Evidence of meeting #10 for Justice and Human Rights in the 42nd Parliament, 1st Session. (The original version is on Parliament’s site, as are the minutes.) The winning word was patient.

A video is available from Parliament.

On the agenda

MPs speaking

Also speaking

William F. Pentney  Deputy Minister of Justice and Deputy Attorney General of Canada, Department of Justice
Simon Kennedy  Deputy Minister, Department of Health
Joanne Klineberg  Senior Counsel, Criminal Law Policy Section, Department of Justice
Donald Piragoff  Senior Assistant Deputy Minister, Policy Sector, Department of Justice
Karen R. Cohen  Chief Executive Officer, Canadian Psychological Association
Francine Lemire  Executive Director and Chief Executive Officer, College of Family Physicians of Canada
Philip Emberley  Director, Professional Affairs, Canadian Pharmacists Association
Giuseppe Battista  President, Committee on Criminal Law, Barreau du Québec
Jean-Pierre Ménard  Member, Working Group on the End-of-Life Care, Barreau du Québec
Françoise Hébert  Chair, End of Life Planning Canada
Nino Sekopet  Client Services Manager, End of Life Planning Canada
Will Johnston  Chair, Euthanasia Prevention Coalition of British Columbia, As an Individual

5:55 p.m.

Liberal

The Chair Liberal Anthony Housefather

By the way, Mr. Piragoff, I'm sorry that I didn't notice you there before. Welcome to you as well.

5:55 p.m.

Senior Assistant Deputy Minister, Policy Sector, Department of Justice

Donald Piragoff

I'm hiding in the corner.

5:55 p.m.

Voices

Oh, oh!

5:55 p.m.

Liberal

The Chair Liberal Anthony Housefather

Now we move to Mr. Rankin.

5:55 p.m.

NDP

Murray Rankin NDP Victoria, BC

I want start with where I ended in conversation with Minister Philpott on the safeguard that requires one to “immediately before providing the medical assistance in dying” give the person an opportunity to withdraw their consent. A person who is at home with medication that might have been prescribed months or perhaps years ago can hardly be immediately provided that opportunity to reconfirm their expressed consent. I fail to understand how that section can be given any meaning in practical terms in the context where there's no medical practitioner around and the medication was provided perhaps months ago.

5:55 p.m.

Senior Assistant Deputy Minister, Policy Sector, Department of Justice

Donald Piragoff

I think Minister Philpott answered that question by saying that in terms of the provision of medical assistance in the situation of the provision of a medication, the assistance is provided at the time that the medication is provided to the patient. That is the time when the assistance is provided.
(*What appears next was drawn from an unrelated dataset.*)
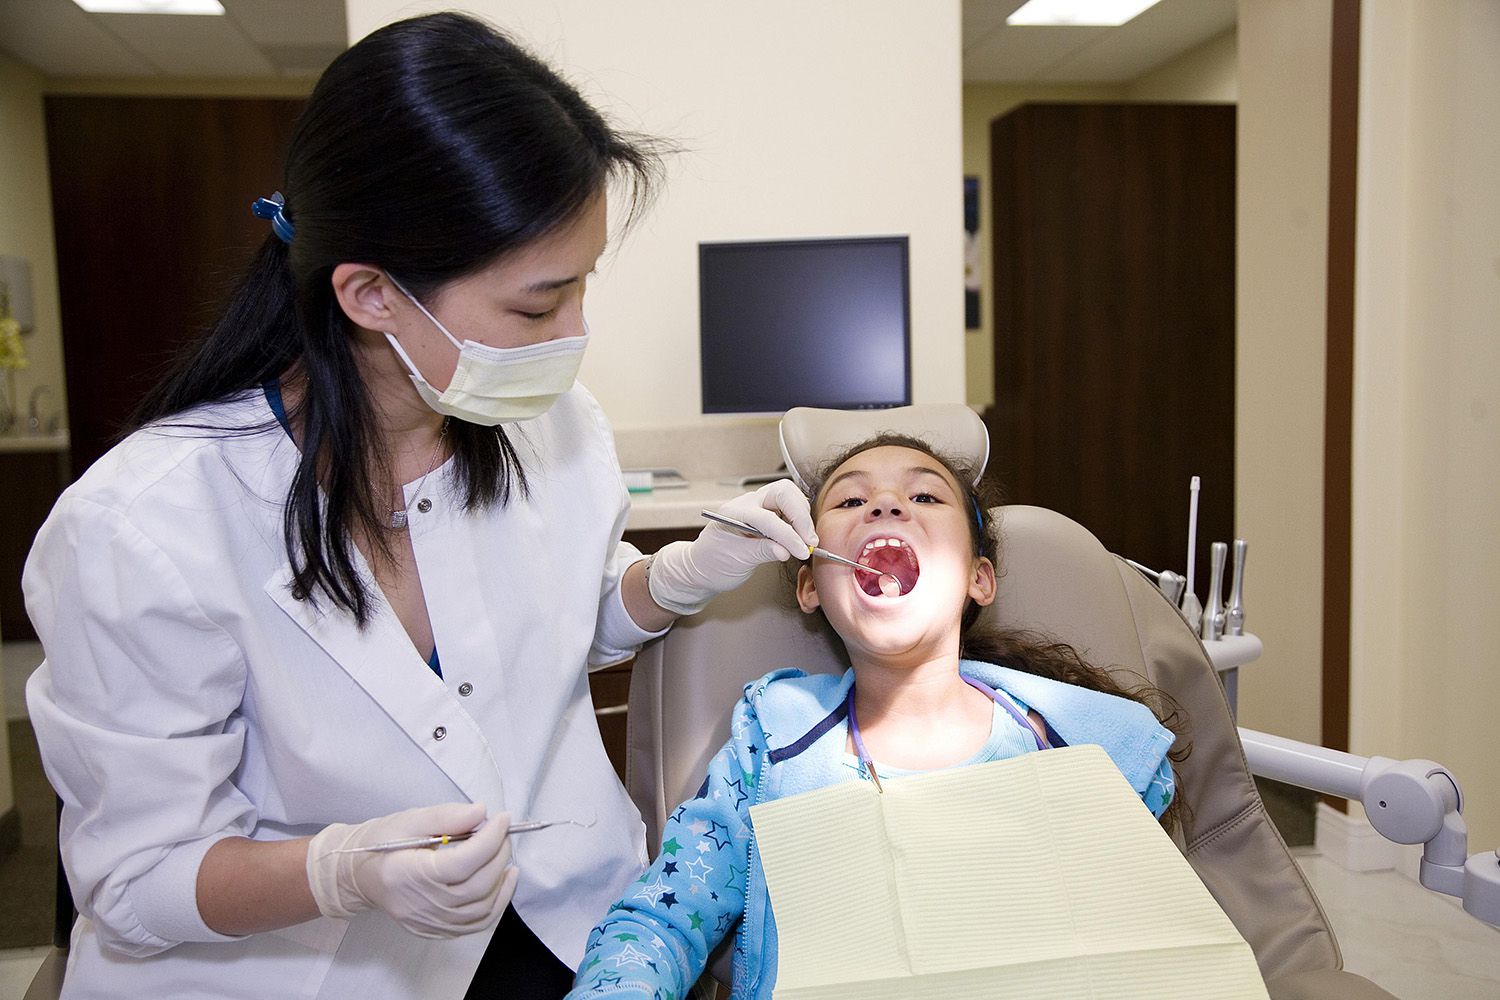 En este momento estás viendo ¿Qué hacen varios dentistas?

If the person takes it the next day, or if they don't take it until two months later or they never take it, at that point in time the assistance has been provided by giving the individual the means to take their own life, to self-administer the medication. At that point, the time when the doctor or the physician or the pharmacist provides the medication, is the person competent? Do they understand what the effect is of the medication? They may not take it.
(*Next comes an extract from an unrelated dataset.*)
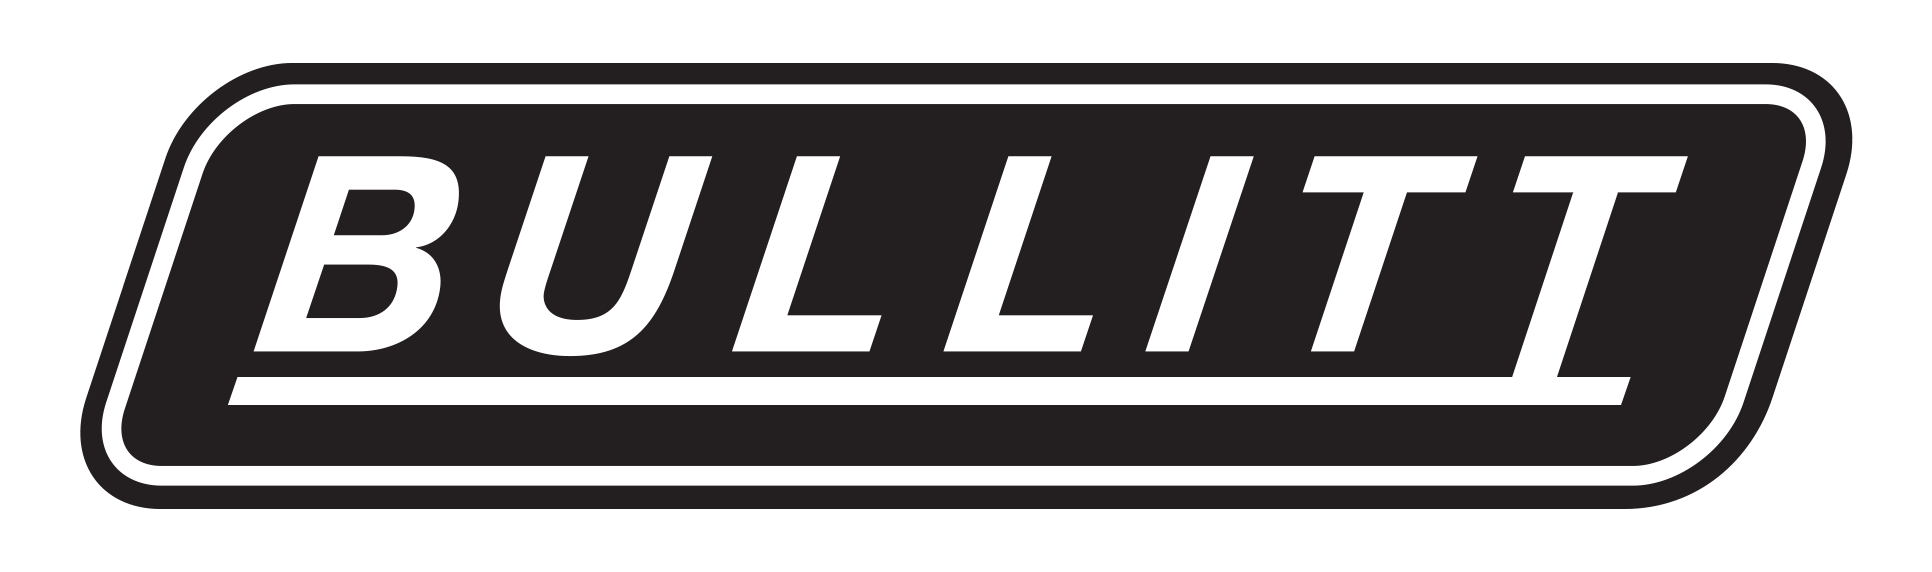 bullitt-sponsor

In the United States, for example, some people don't take the medication for months after. Actually, some people don't even take the medication at all—

5:55 p.m.

NDP

Murray Rankin NDP Victoria, BC

That's precisely the problem. I simply don't understand how in that context one could say you're “immediately” providing that opportunity, when it may well be months, if not years, before the patient opens the bottle at home.

5:55 p.m.

Senior Counsel, Criminal Law Policy Section, Department of Justice

Joanne Klineberg

I think we have to read the provisions of the legislation consistently with each other. If we look at the definition provided of “medical assistance in dying” in proposed section 241.1, it's actually a defined term in the legislation. It makes it a lot easier to draft the rest of the provisions, and the paragraph (b) part of ”medical assistance in dying” talks about the prescribing or providing by a medical practitioner or a nurse practitioner of the substance to the person. It's immediately before that action that the consent of the person is to be obtained. There's also a criminal law reason for that, which is that the criminal law is not concerned with private acts by an individual who might chose to die by suicide.
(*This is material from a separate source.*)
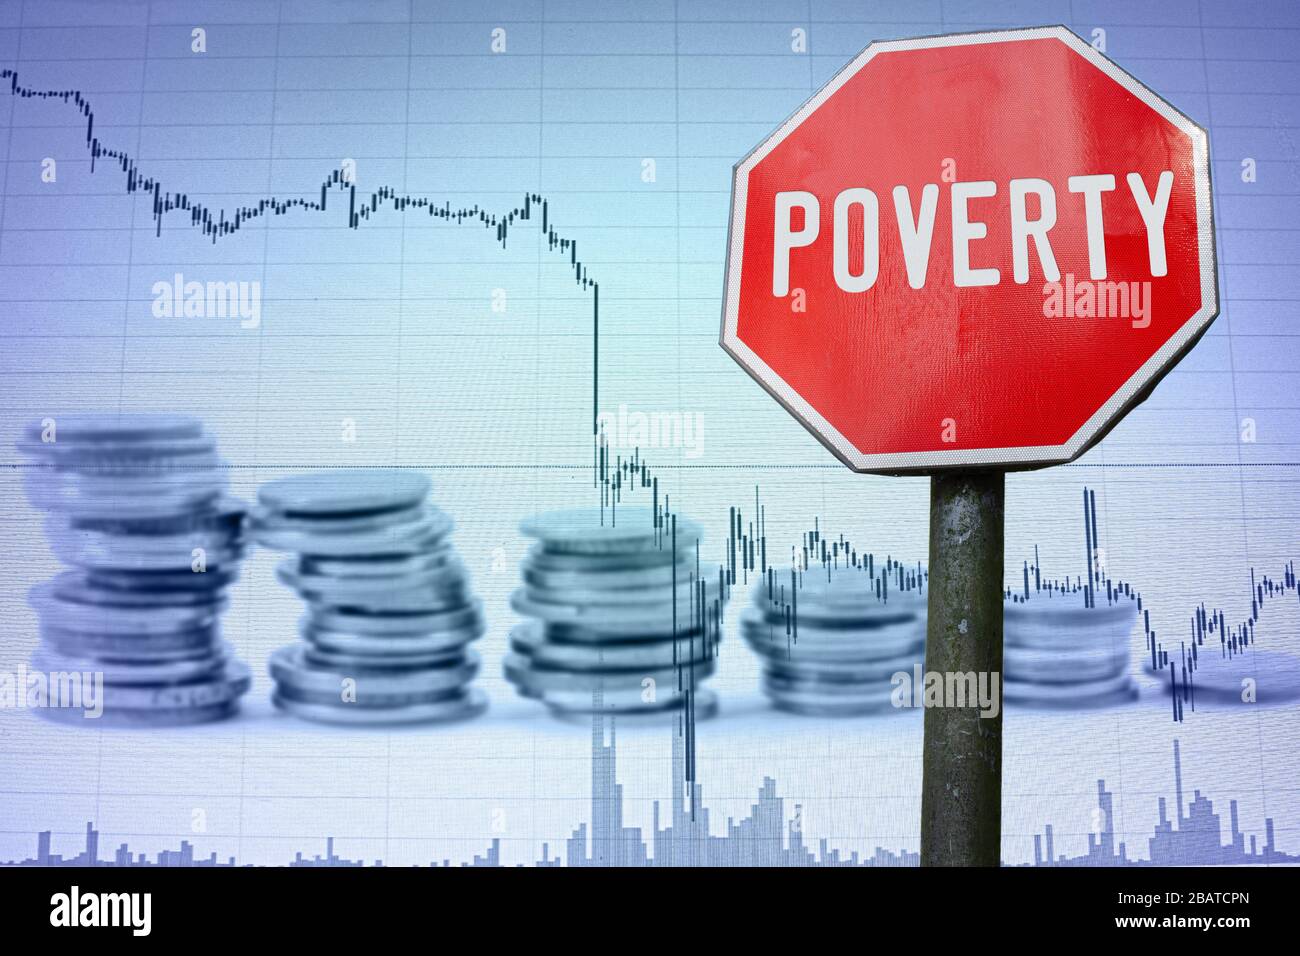 Armut zeigt den wirtschaftlichen Hintergrund an - Grafik und Münzen. Finanzunfall in der Weltwirtschaft wegen Coronavirus. Weltwirtschaftskrise, Rezession Stockfoto

The criminal law is concerned with the participation of third parties in that decision. The exemptions and the whole regime are set up to provide for a criminal exemption for physicians when they're participating in the action by a person to self-administer a substance. The physician or the nurse practitioner's involvement is at the time they either write the prescription or give the substance over. Beyond that point, the action of a person who might privately self-administer the substance in their own home is simply not a question of concern to the criminal law; there's no crime being committed in that circumstance. The criminal law runs out. However, it may be a matter that the provinces and territories or medical colleges might have an interest in addressing more fully.

6 p.m.

Deputy Minister of Justice and Deputy Attorney General of Canada, Department of Justice

William F. Pentney

Just to respond very quickly to the honourable member, Canada is a big and complicated country. There is no federation in the world that has taken on medical assistance in dying from a federal perspective in the way that Canada has. One of the choices that the government has made is not to require that it only be available through a doctor administering it. That was a choice in which Quebec, after long debate, decided the government was entering into a more complex area by allowing both, admittedly—but it is respecting the autonomous choices of Canadians. One of the choices that has not been made in the legislation is to require a doctor or a nurse practitioner, just before the person administers the substance, to be available. As has been explained, the “immediately” must be read in the totality of the context. However, it's also in recognition that this is to respect people's autonomy in making choices. I think it's fair to expect, based on other countries' experiences, that some people who seek medical assistance from a doctor and others who would like to self-administer, at the end of the day, will decide not to go ahead. In both circumstances, respecting their autonomy is something that the legislative framework is trying to achieve.

6 p.m.

NDP

Murray Rankin NDP Victoria, BC

In the context of someone who is physically disabled but whose natural death is not reasonably foreseeable and is therefore required to starve themselves if they are not able to avail themselves of medical assistance in dying, would that potentially constitute in those circumstances a violation of section 7, consequent cruel and unusual punishment or otherwise inconsistent with the security of the person? If so, was that taken into account?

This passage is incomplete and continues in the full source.